Years ago, my friend, who's a mathematician, moved out to the woods to become a musician. I thought it was weird that chose that route but people do what they do, right?

Anyway, i saw him at the grocery store today and asked him what he had been up to.

"Oh you know, just bustin out logarithims."

Two Nuns

Two nuns are riding their bicycles through Rome on their way to the Vatican. This time, though, they are taking a different route instead of their usual route.

I've never come this way, one nun says to the other.

It's the cobblestones, says the other nun.

God is obviously a Civil Engineer...

... Only a civil engineer would route a sewage system through a playground.

two nuns at the vatican...

so these two nuns are riding a bicycle built for two on their daily trip around the vatican... so one day, sister mary decides to take a different route... sister katherine says "why, ive never come this way" to which sister mary relpies "it's the cobblestones"...

Words to live by from a great man

"Change cannot be given to you every time. Sometimes you must bring the change"

Who is this great man? He operates the bus route I use to get to work on the daily.

Why is visiting Taj Mahal before you reach your destination a cure for erectile dysfunction?

Coz it forces you to take the via Agra route

An elderly woman is driving 17 mph on a highway

A cop pulls her over and says Ma'am, you should know driving too slow is as much of a risk as driving too fast.

The woman pointed to a sign and said But Officer, I was going exactly the speed limit!
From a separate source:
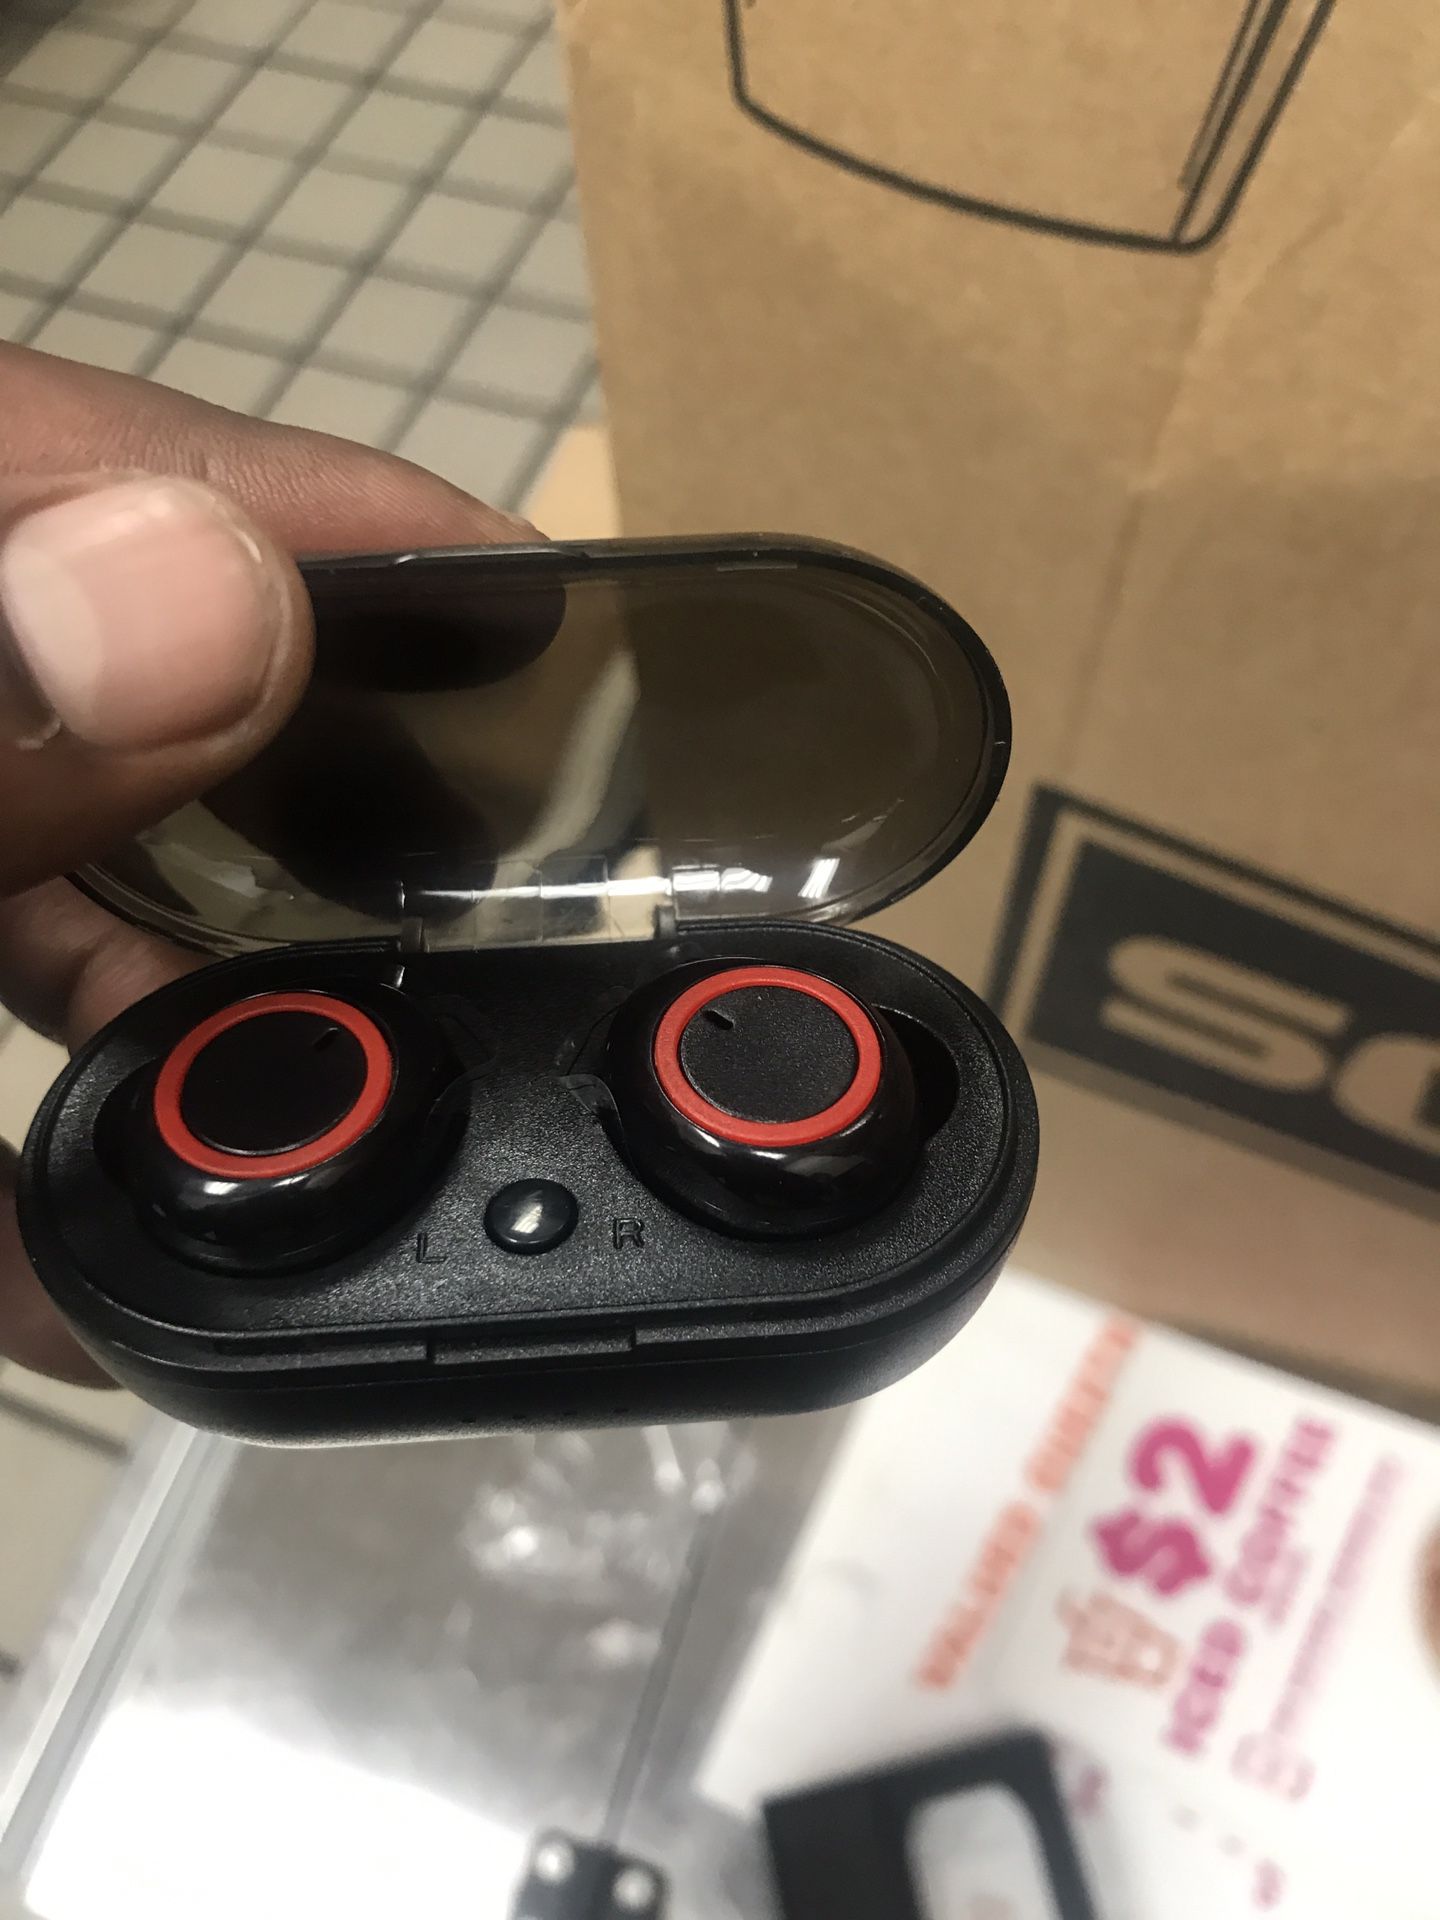 High quality Bluetooth earbuds
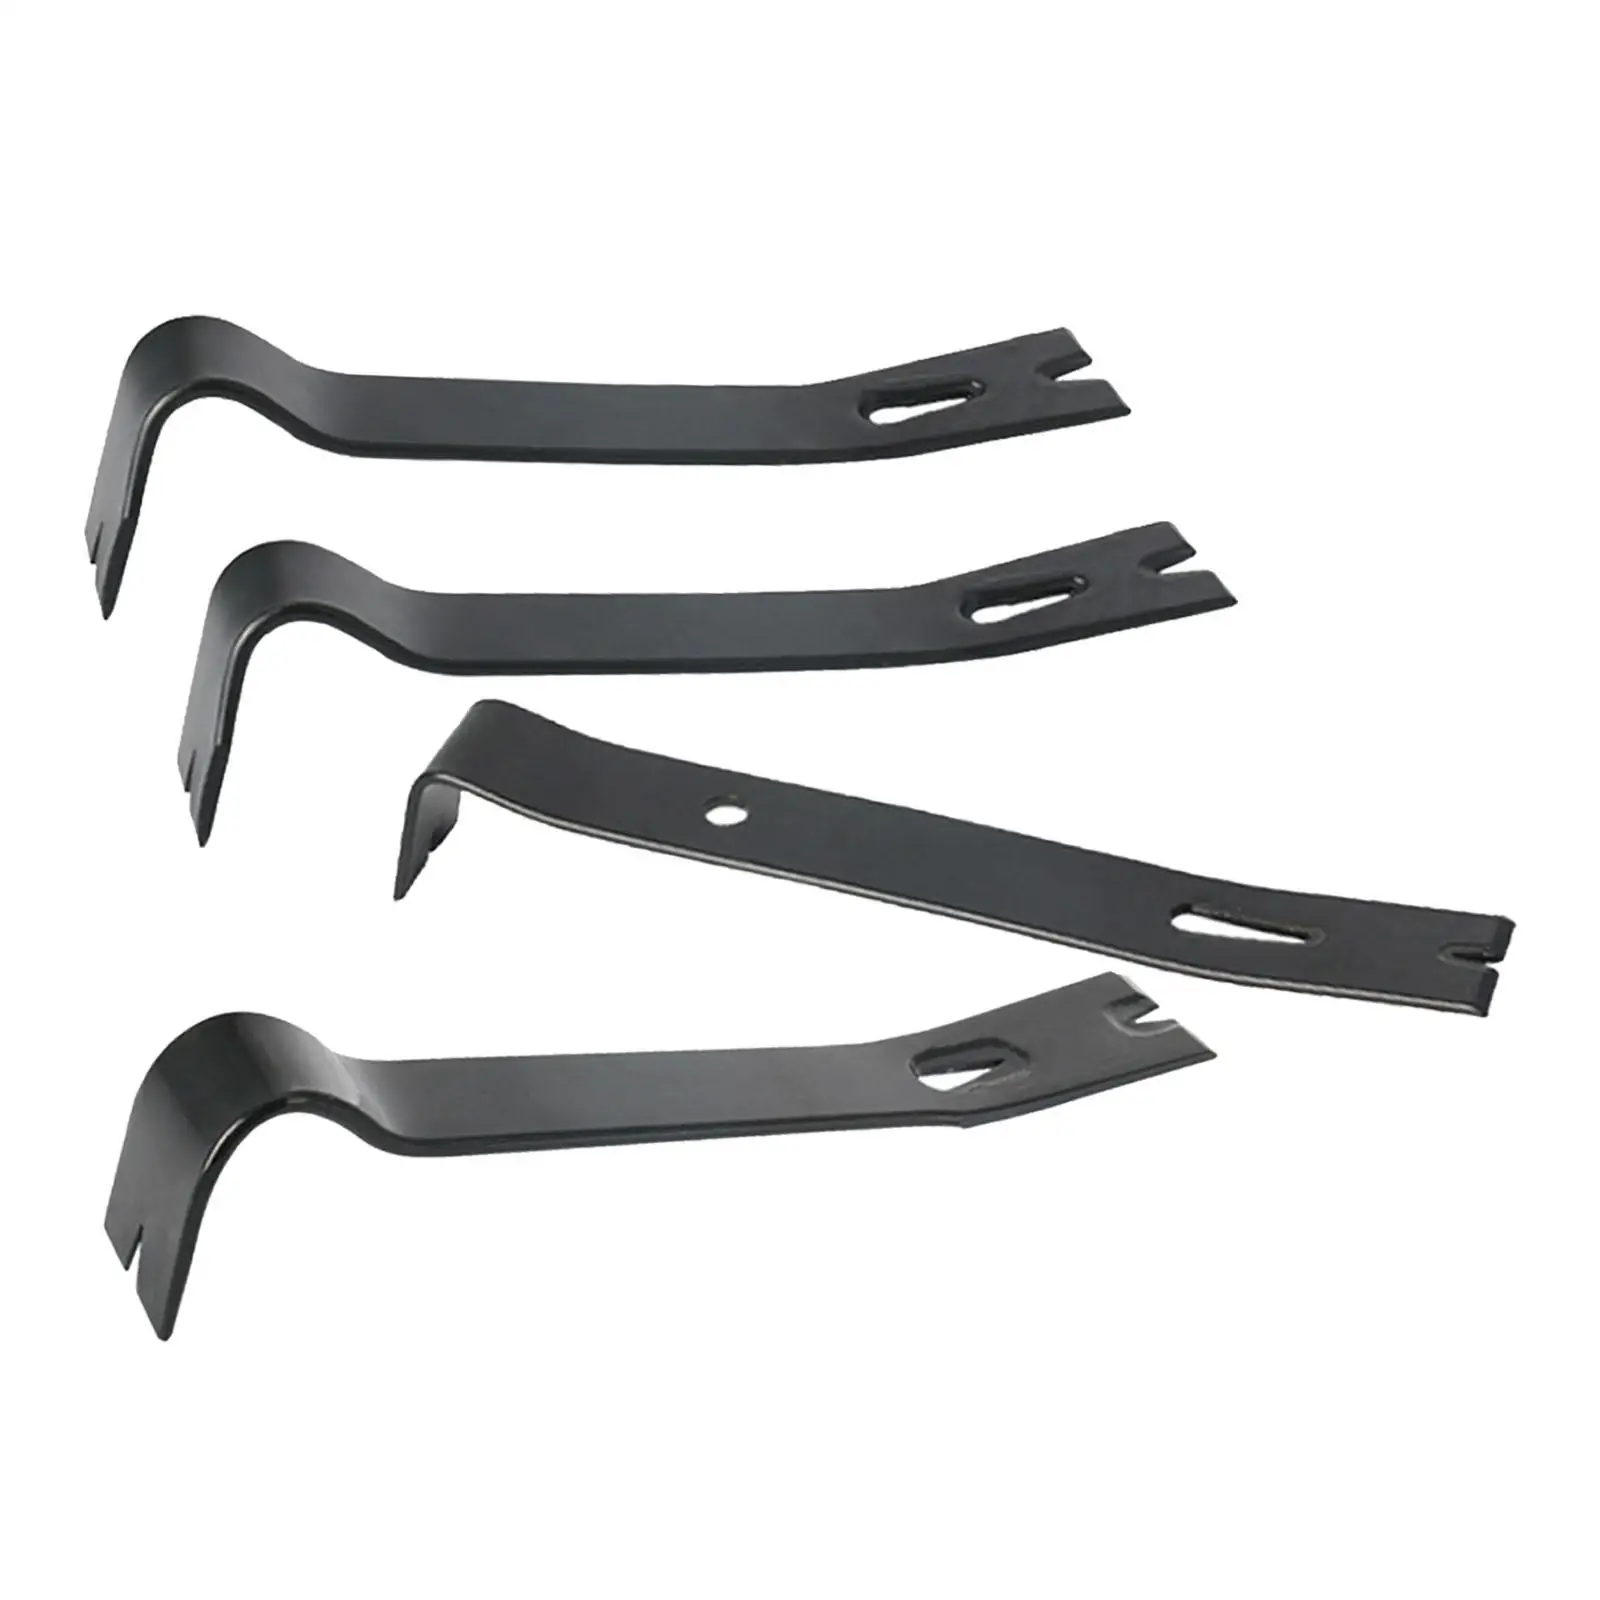 4x Pry Bars Durable Heavy Duty Staple Remover Mini Crowbar Nail Puller Flat Pry Bar Set for Nail Pulling Lifting Household

The officer says That's the route number. You're on US-17. He notices another elderly woman passed out in the backseat. Who is your passenger and why is she passed out?

The woman says Oh dear, we just got off State Route 112!

The dentist told me I'd have to get braces, or take the alternative route and have surgery.

The price was jaw-dropping.

An alcoholic is walking in the woods and stumbled upon his wife lying on the floor recently beaten to death. What does he do?

Change his route, he is clearly walking in circles.

My girlfriend is like the square route of -100

Why can't Google maps hold down a solid relationship

Because it's always looking for the quickest possible route

What's the one thing you don't want to hear when fighting with your wife on a long road trip?

Recalculating route.

Does anyone remember that show where Ron Howard was a kid with a paper route?

Probably not. Opie delivered.

Julius Caesar bought a Google GPS

and said, 'Youtube, route us'.

Yo mama so fat

She was blocking Route 11

Whenever I make lunch plans with a friend I have to pre-plan my route and give myself an extra 30 minutes to get there.

Staying 500 feet away from a school is harder than you think.

I just rented a car from an auto rental in Berlin and I seem to have a little problem with the satnav

It only shows me the route to Poland.

The router comes to a doctor

Doctor: What is the problem ?

Router: I pee.

There is an abundance of trail jokes out there. You're fortunate to read a set of the 46 funniest jokes and route puns. Full with funny wisecracks it is even funnier than any satnav witze you can hear about route.

Use only working piadas for adults and blagues for friends. Note that dirty and dark jokes are funny, but use them with caution in real life. You can seriously offend people by saying creepy dark humor words to them.